Romania: Inefficient marketing has determined the slow pace of further privatisations and the exclusion of big investors

When Romania listed five investment funds in 1999 as part of a mass privatisation drive, millions of citizens received a little portion of what many hoped would one day grow to become a lucrative big pie.

Twenty years on, however, and the listed closed-end funds with combined net asset values of 7.65 billion lei ($1.8 billion) have failed to live up to market expectations due to inefficient management, the slow pace of further privatisations and the exclusion of big investors due to ownership limits that have left shares in the funds trading at steep discounts to their net asset values (NAV).

But now the government is mulling the creation of a 10 billion-euro sovereign wealth fund and Romania’s share market is on the cusp of being upgraded by international market index compilers such as FTSE Russell and MSCI from ‘frontier’ to ‘emerging market’, increasing the attractions of the listed funds.
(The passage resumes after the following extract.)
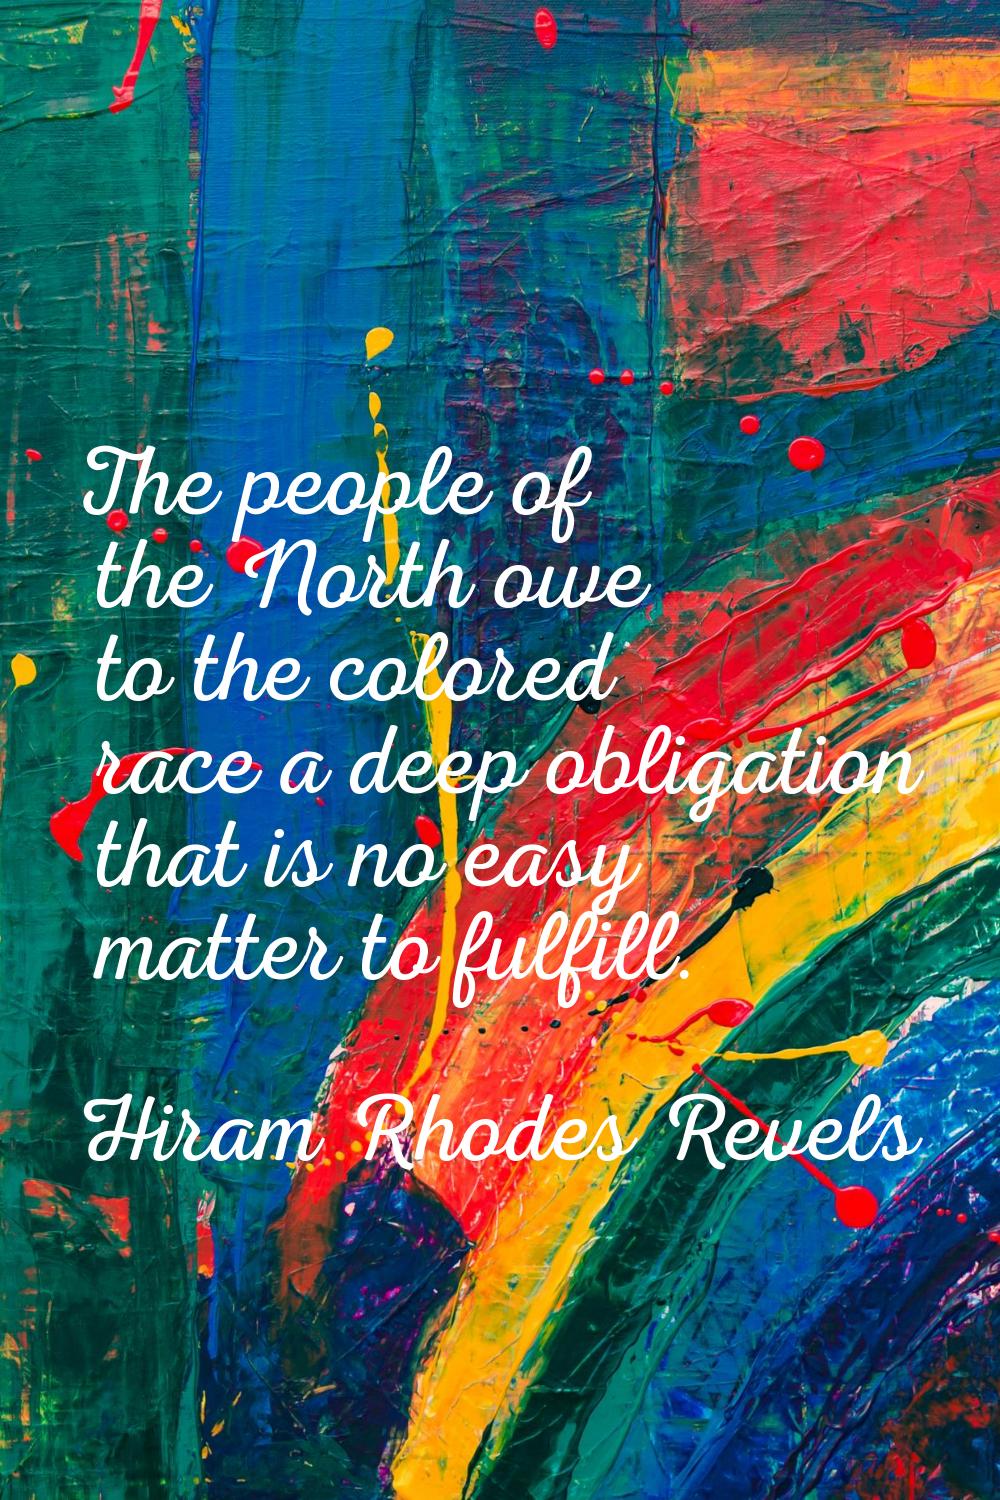 The people of the North owe to the colored race a deep obligation that is no easy matter to fulfill

“It can provide further support to the status of the Romanian equity market and may have a positive effect not only for the (closed-end funds) but all liquid Romanian equities,” said Alex Bebov, managing director of Balkan Advisory Company, a Sofia-based investment banker and bourse member.

But while foreign investors might be tempted by the steep discounts if the BSE market gets upgraded, investors and market participants warn that they would still face the same problems that have for years beset existing shareholders and which can only be solved if the fund companies are restructured.